Source material:
---------------
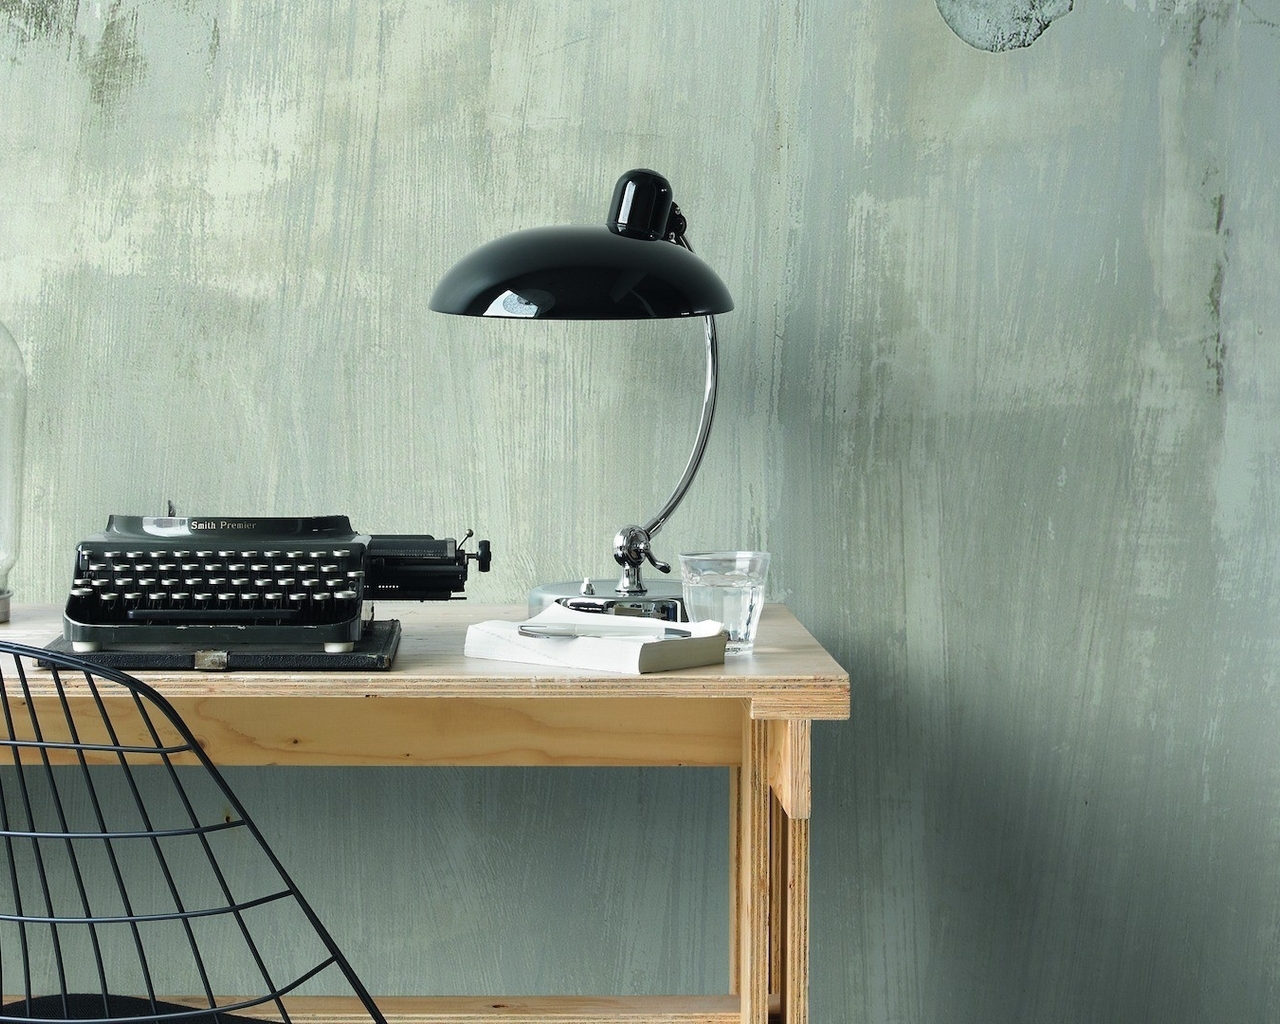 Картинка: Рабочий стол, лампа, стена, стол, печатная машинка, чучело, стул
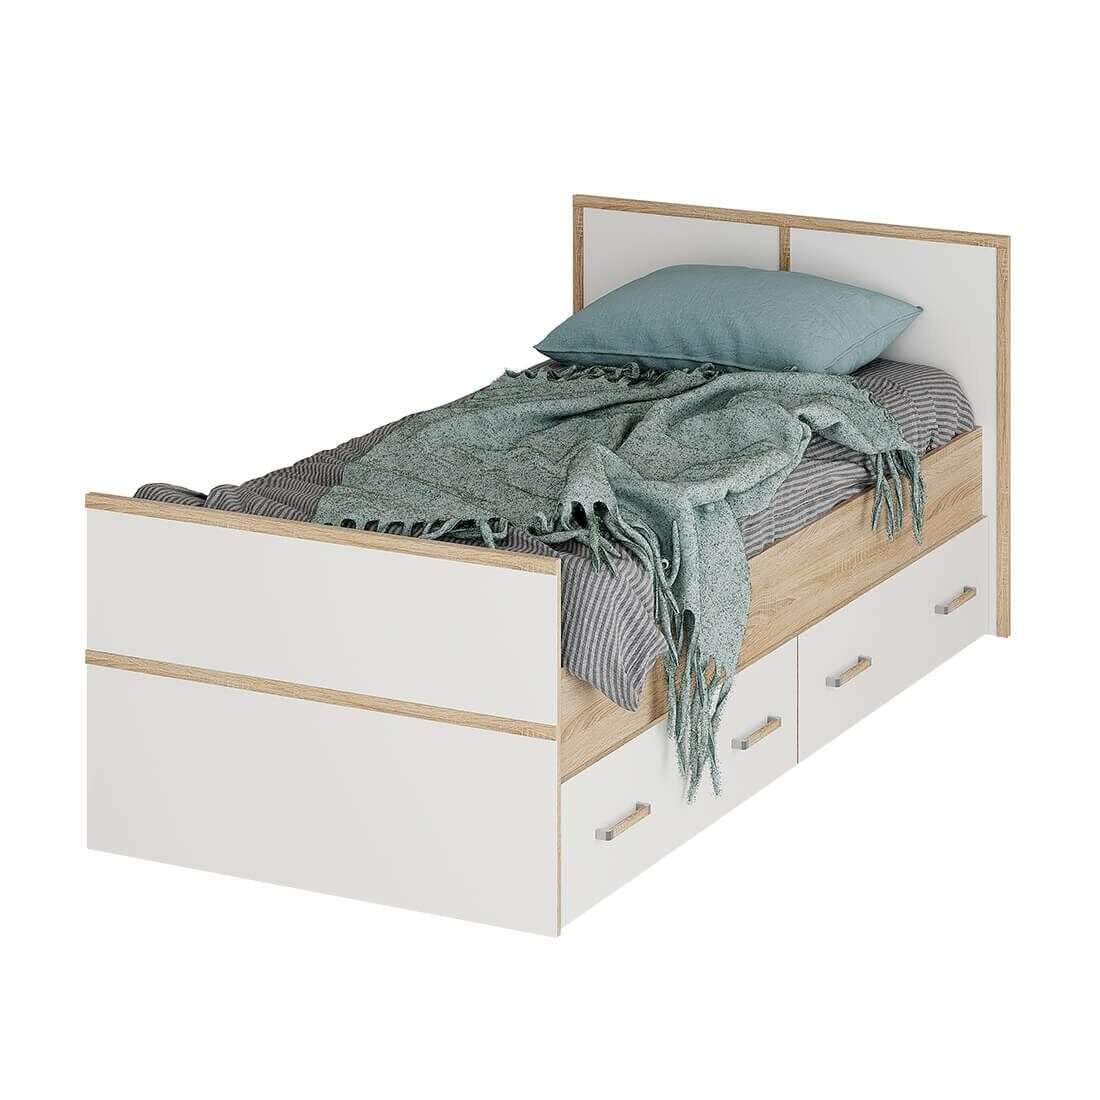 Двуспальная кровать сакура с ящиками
---------------
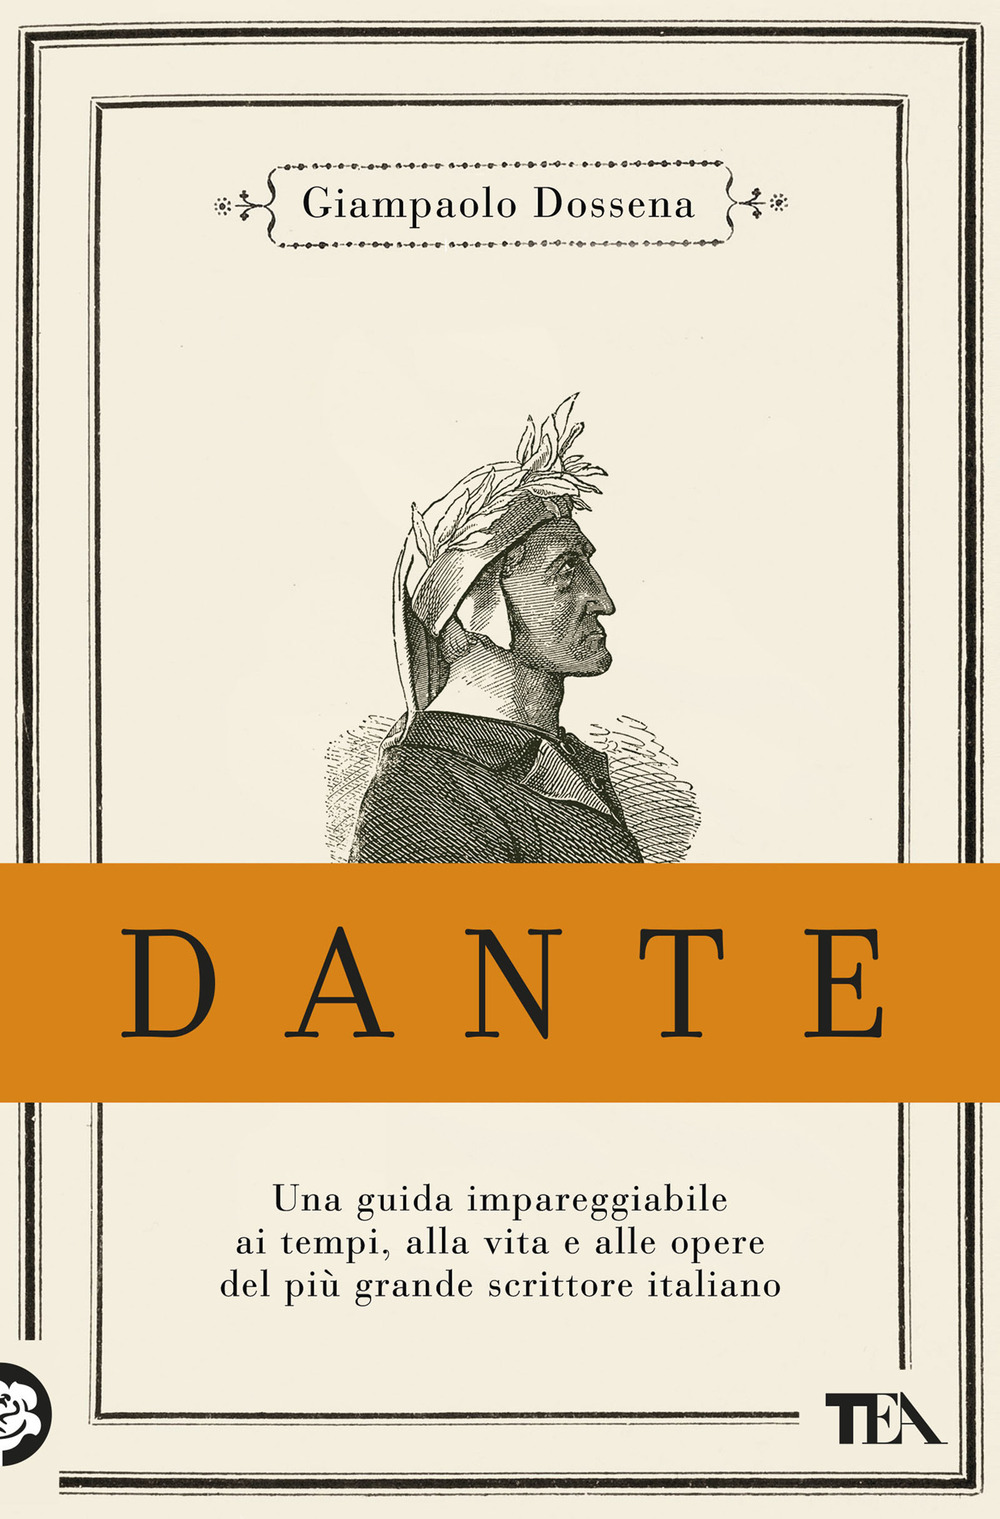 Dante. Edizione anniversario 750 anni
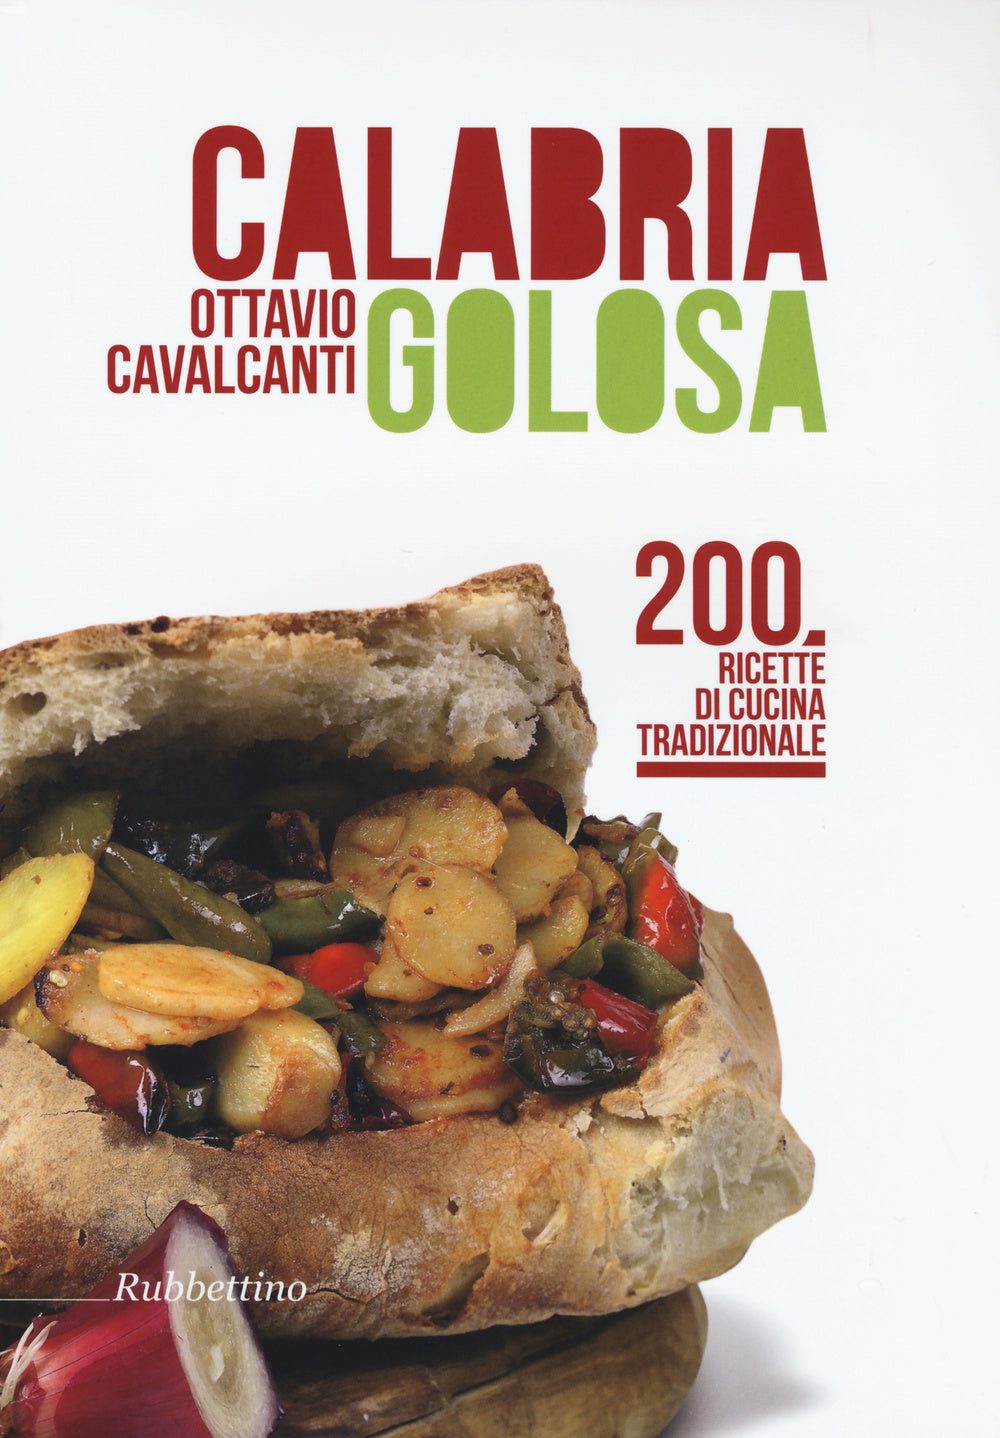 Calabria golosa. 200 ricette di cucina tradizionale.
---------------
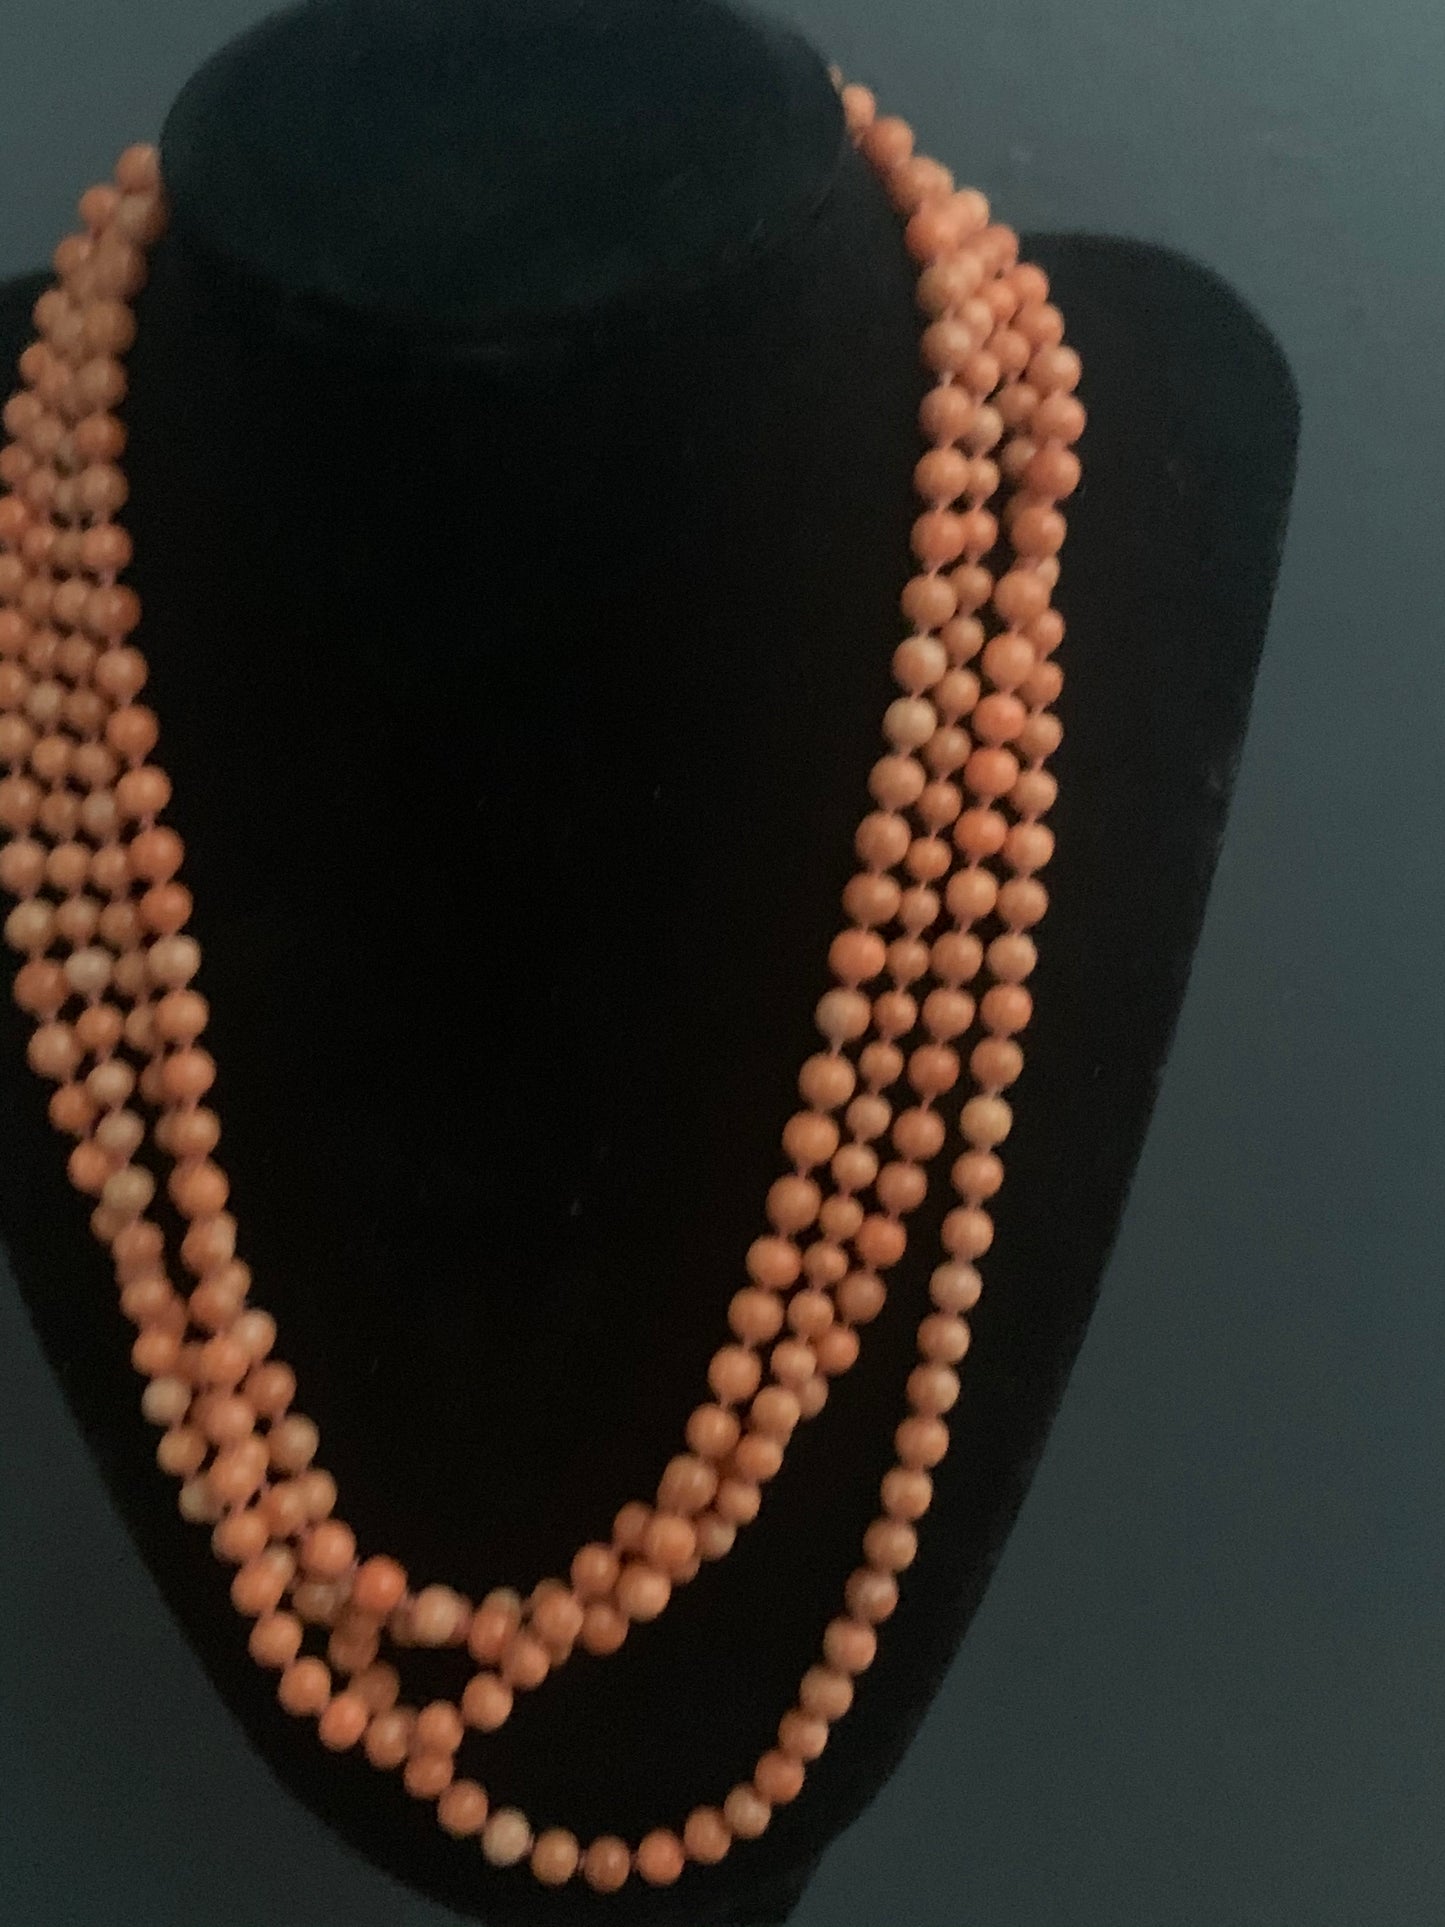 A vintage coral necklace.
---------------
What to do: The lines to copy exactly start with the line above that has "Картинка: Рабочий стол, лампа, стена, стол, печатная" and go on through the line that has "Двуспальная кровать сакура с ящиками"; please include both, add nothing else, and omit the pictures.

Exercise solution:
 Картинка: Рабочий стол, лампа, стена, стол, печатная машинка, чучело, стул
 Двуспальная кровать сакура с ящиками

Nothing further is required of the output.